* **Work task**: Write out again, word for word, the lines below from the line that holds "HR-2 Reader User’s" through the line that holds "Pearl Top Gold Ring", omitting pictures.

* **Data**:

#####

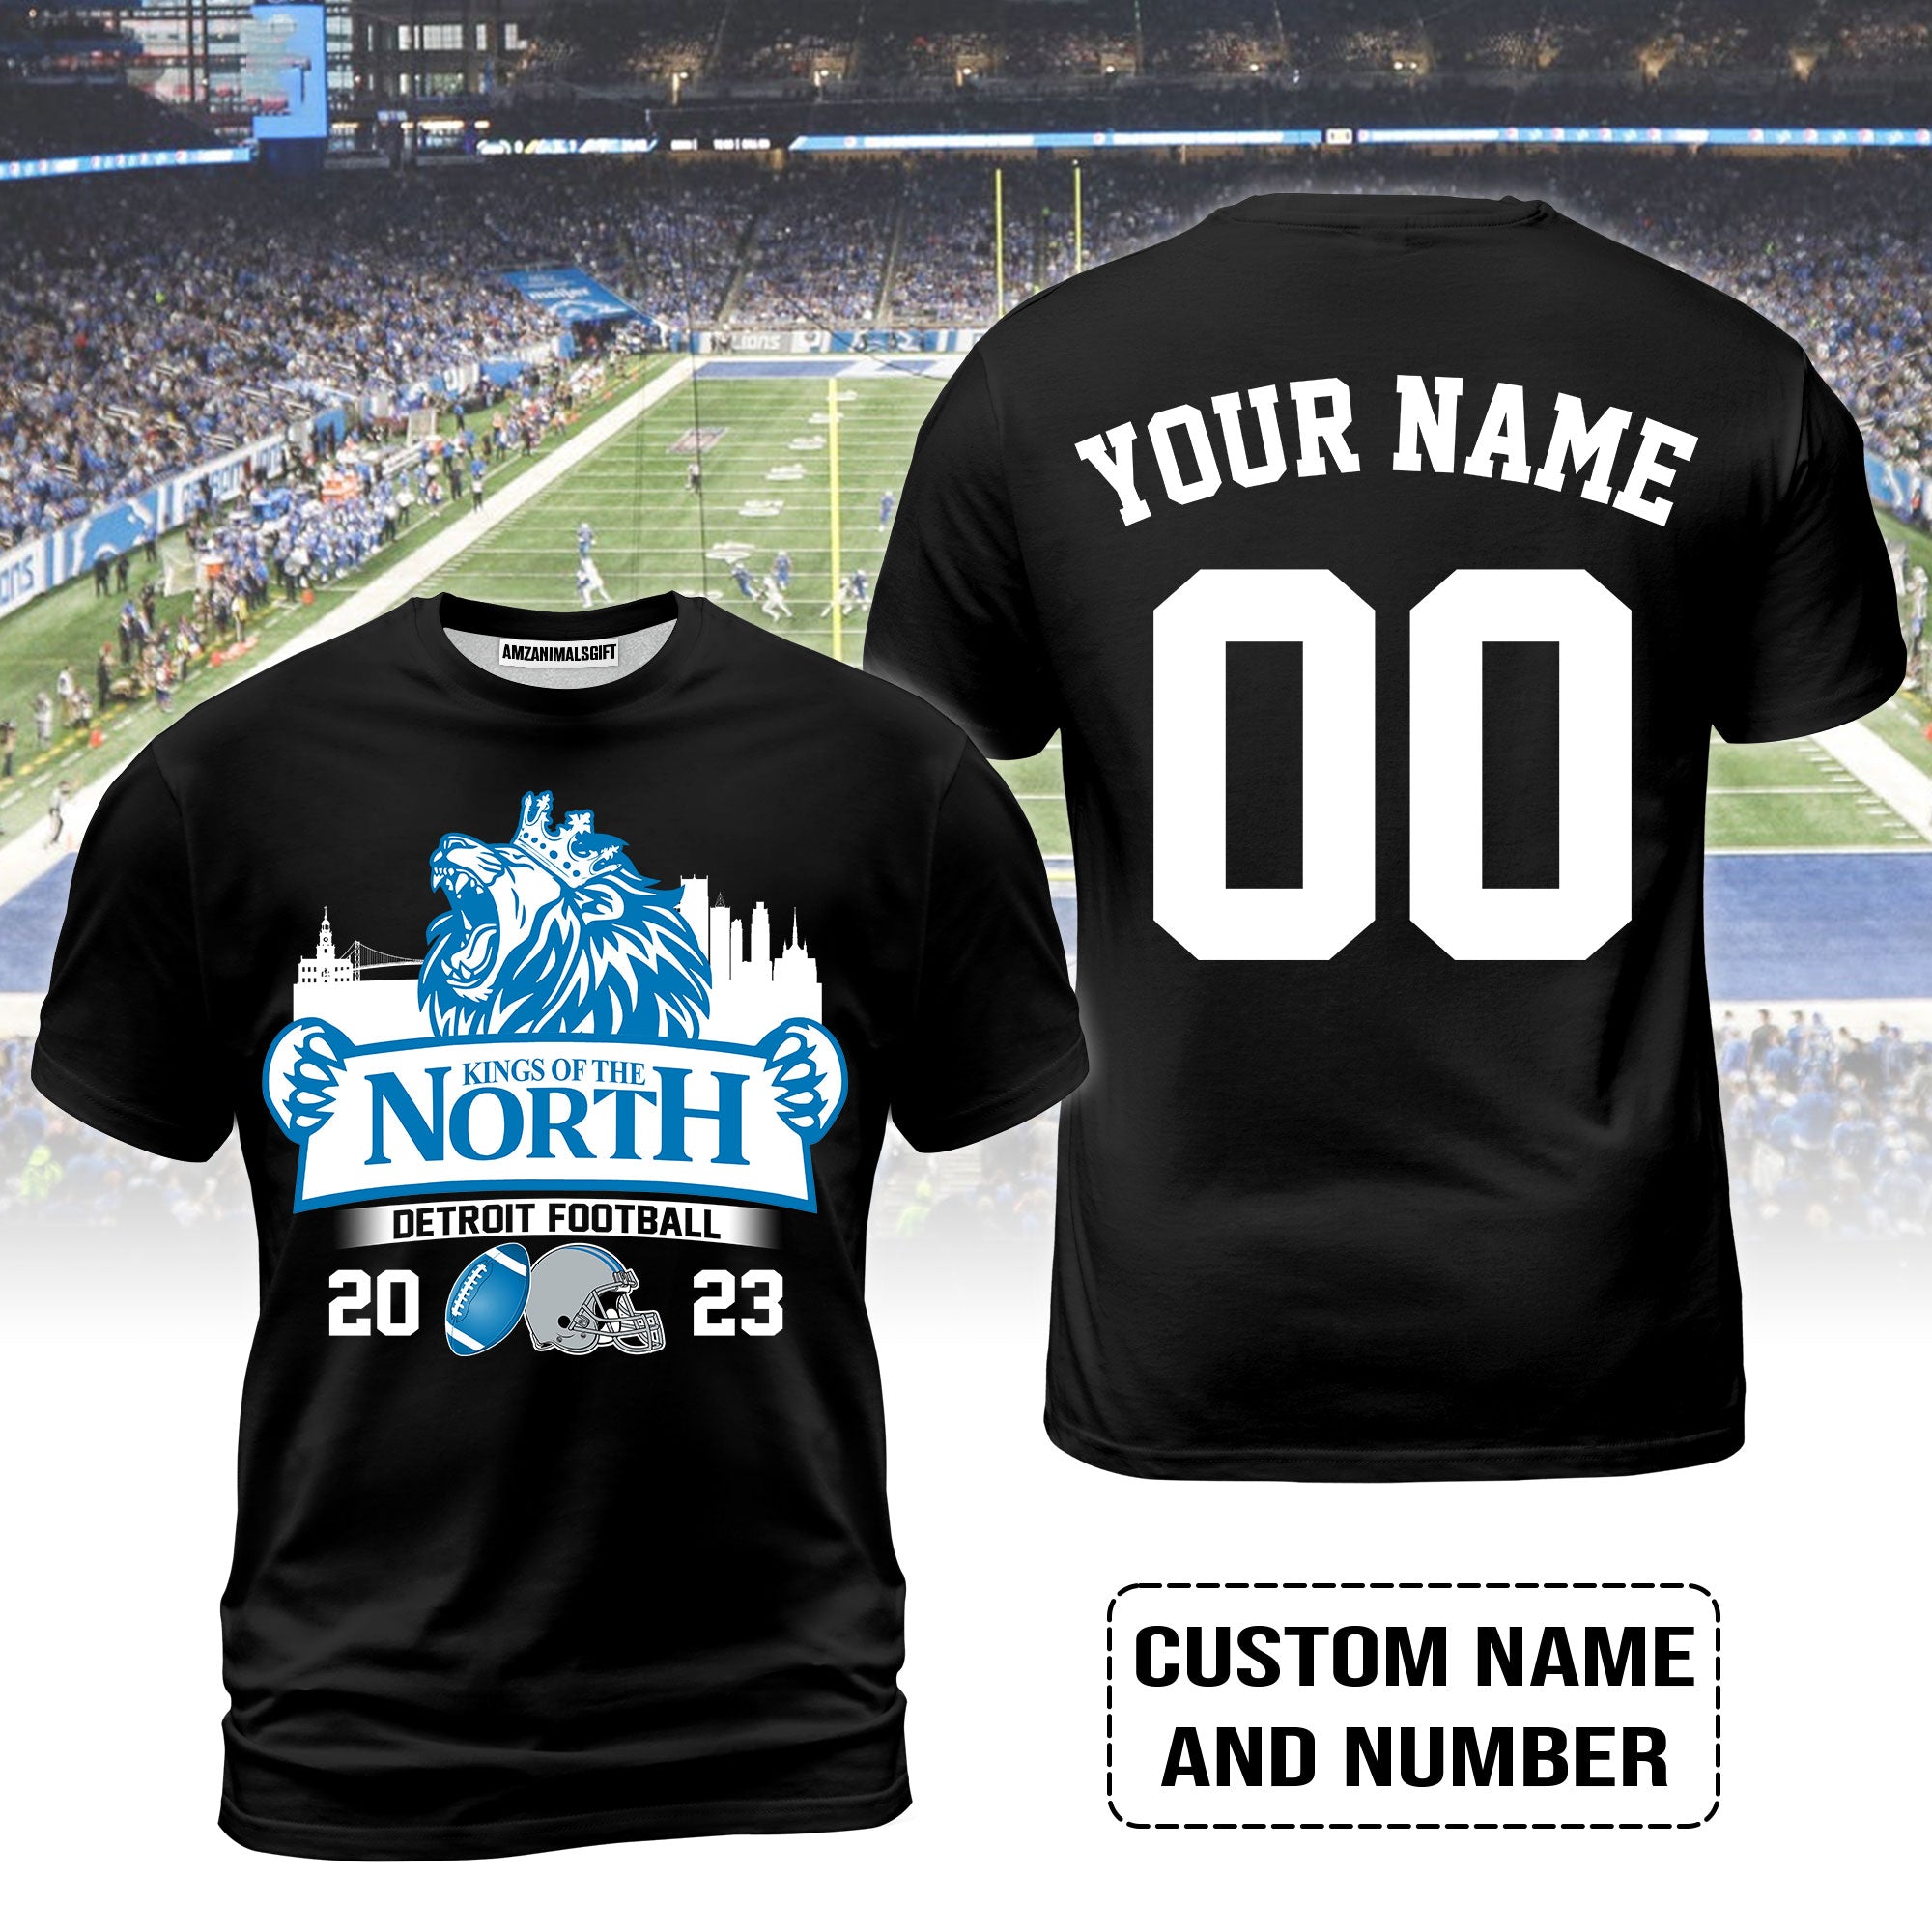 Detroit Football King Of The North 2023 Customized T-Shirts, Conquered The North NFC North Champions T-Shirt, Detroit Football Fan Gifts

#####

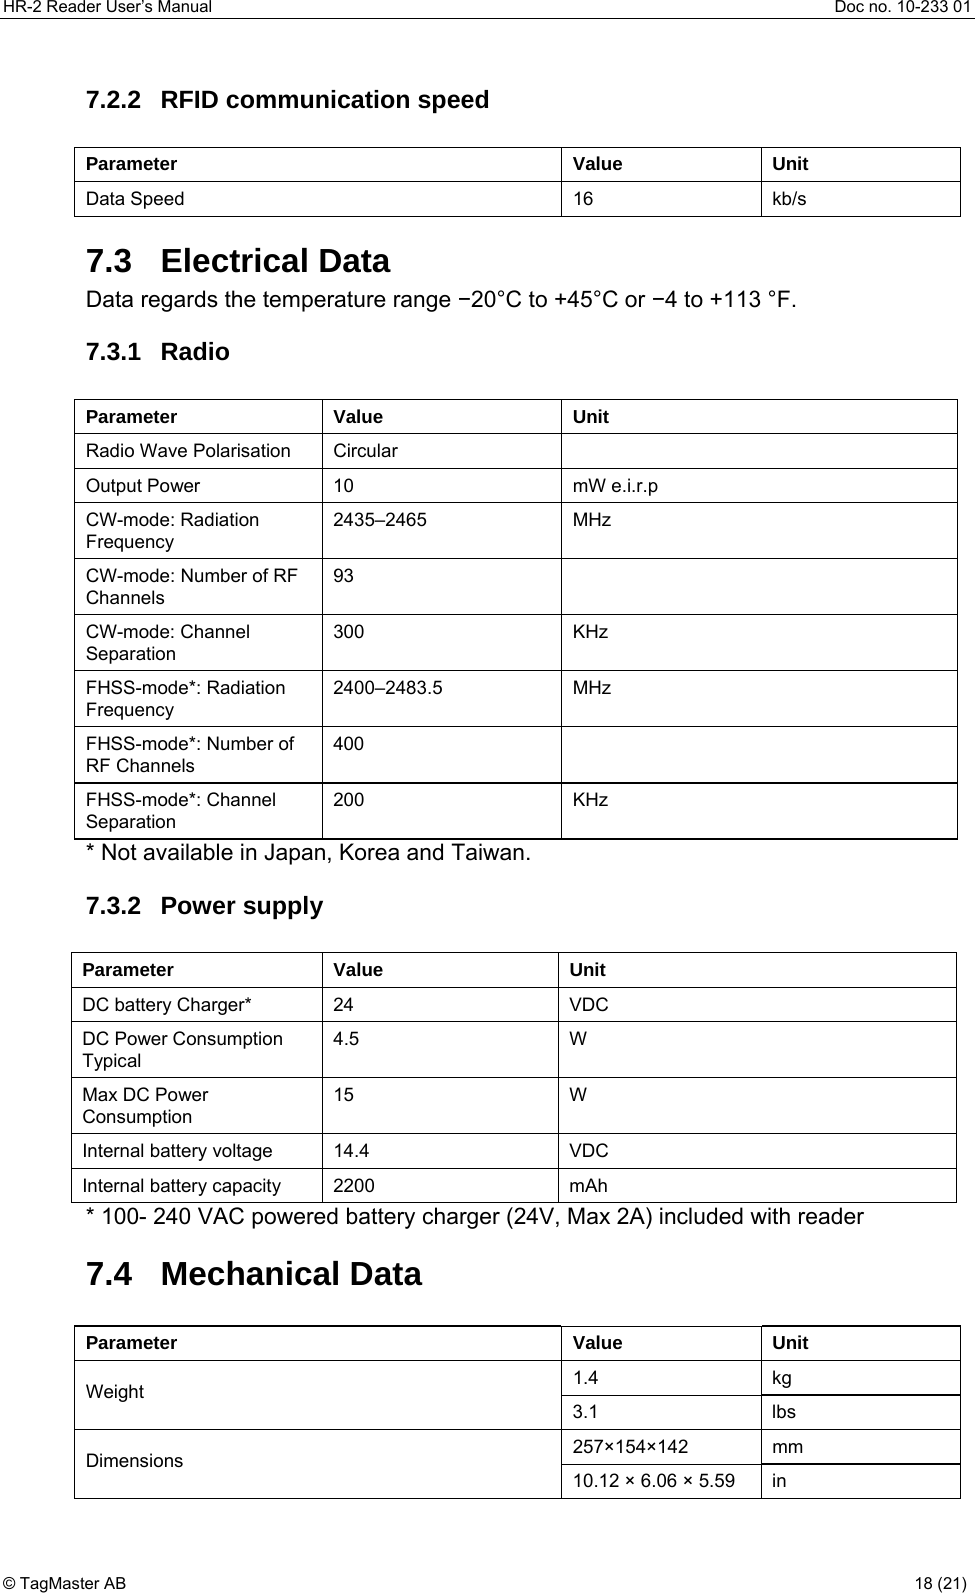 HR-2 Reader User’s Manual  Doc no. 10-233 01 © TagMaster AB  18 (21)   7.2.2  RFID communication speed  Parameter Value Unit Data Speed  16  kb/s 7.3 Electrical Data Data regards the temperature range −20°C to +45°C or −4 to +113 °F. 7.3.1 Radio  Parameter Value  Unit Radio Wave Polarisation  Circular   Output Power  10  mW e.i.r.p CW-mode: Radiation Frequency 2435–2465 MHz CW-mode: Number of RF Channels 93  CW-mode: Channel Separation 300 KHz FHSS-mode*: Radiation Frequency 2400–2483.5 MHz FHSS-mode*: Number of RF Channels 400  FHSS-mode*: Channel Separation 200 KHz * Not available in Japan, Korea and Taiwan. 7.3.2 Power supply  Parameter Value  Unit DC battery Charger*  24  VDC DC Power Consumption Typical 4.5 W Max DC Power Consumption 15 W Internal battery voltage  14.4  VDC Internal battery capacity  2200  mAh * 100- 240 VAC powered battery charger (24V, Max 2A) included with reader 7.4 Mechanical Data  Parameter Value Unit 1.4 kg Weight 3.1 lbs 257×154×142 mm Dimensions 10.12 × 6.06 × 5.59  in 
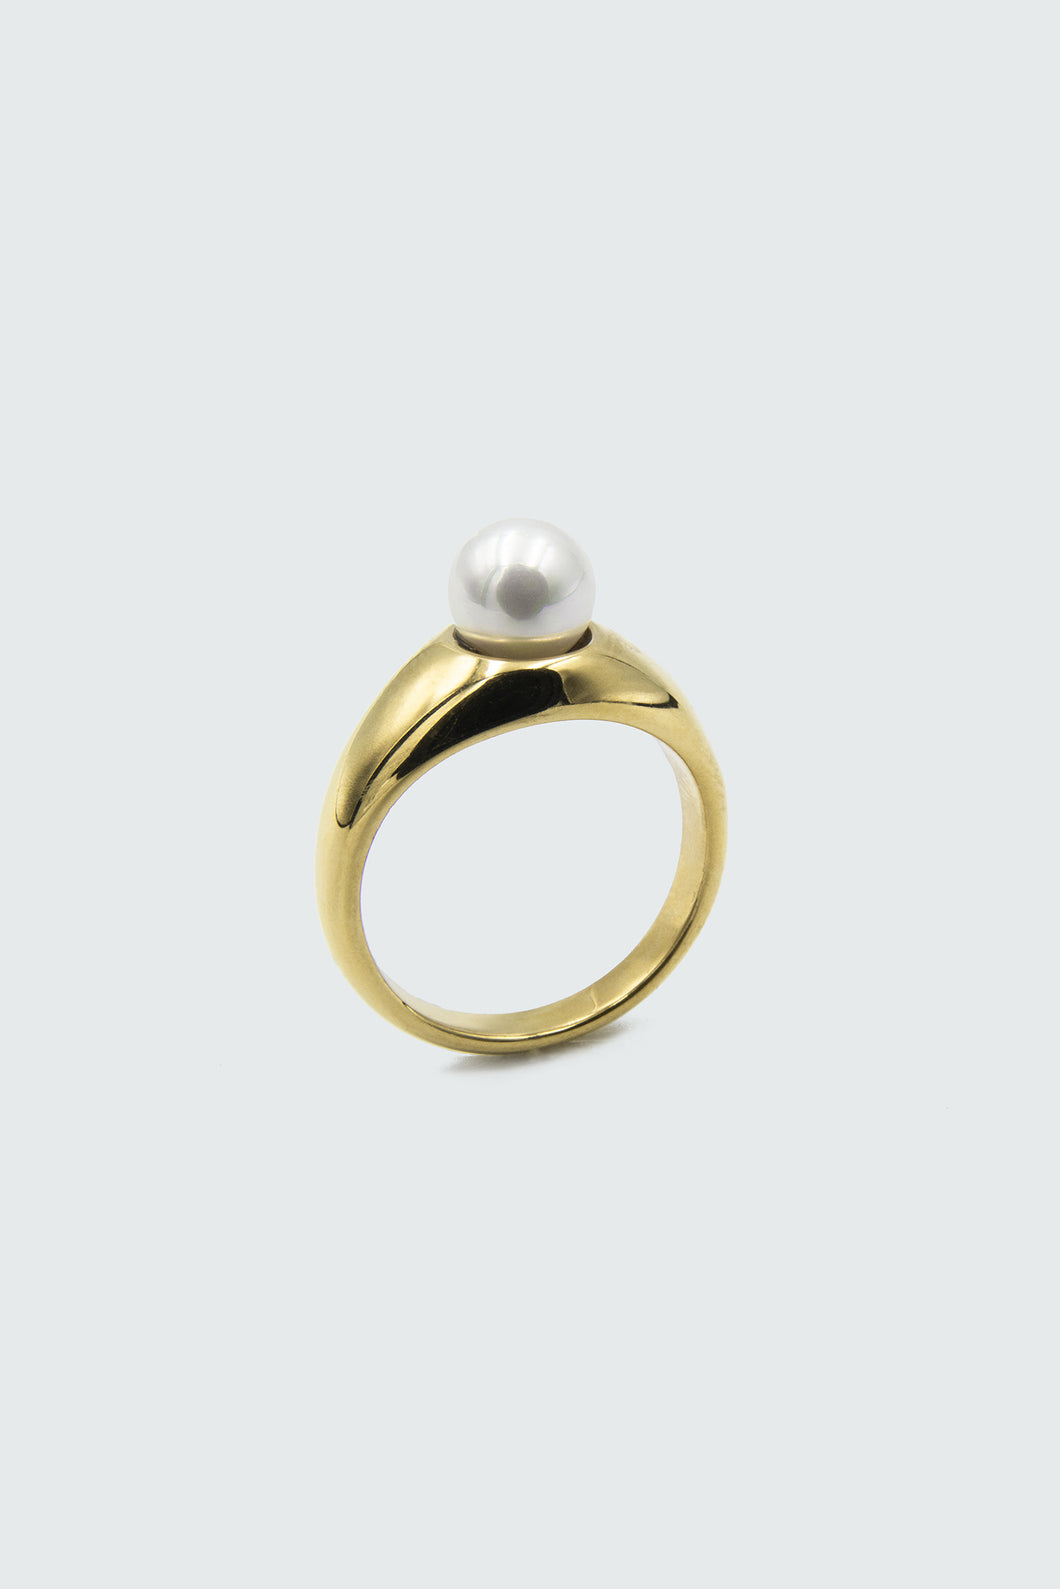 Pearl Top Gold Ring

#####

* **Solution to the exercise**:
 HR-2 Reader User’s Manual  Doc no. 10-233 01 © TagMaster AB  18 (21)   7.2.2  RFID communication speed  Parameter Value Unit Data Speed  16  kb/s 7.3 Electrical Data Data regards the temperature range −20°C to +45°C or −4 to +113 °F. 7.3.1 Radio  Parameter Value  Unit Radio Wave Polarisation  Circular   Output Power  10  mW e.i.r.p CW-mode: Radiation Frequency 2435–2465 MHz CW-mode: Number of RF Channels 93  CW-mode: Channel Separation 300 KHz FHSS-mode*: Radiation Frequency 2400–2483.5 MHz FHSS-mode*: Number of RF Channels 400  FHSS-mode*: Channel Separation 200 KHz * Not available in Japan, Korea and Taiwan. 7.3.2 Power supply  Parameter Value  Unit DC battery Charger*  24  VDC DC Power Consumption Typical 4.5 W Max DC Power Consumption 15 W Internal battery voltage  14.4  VDC Internal battery capacity  2200  mAh * 100- 240 VAC powered battery charger (24V, Max 2A) included with reader 7.4 Mechanical Data  Parameter Value Unit 1.4 kg Weight 3.1 lbs 257×154×142 mm Dimensions 10.12 × 6.06 × 5.59  in 
 Pearl Top Gold Ring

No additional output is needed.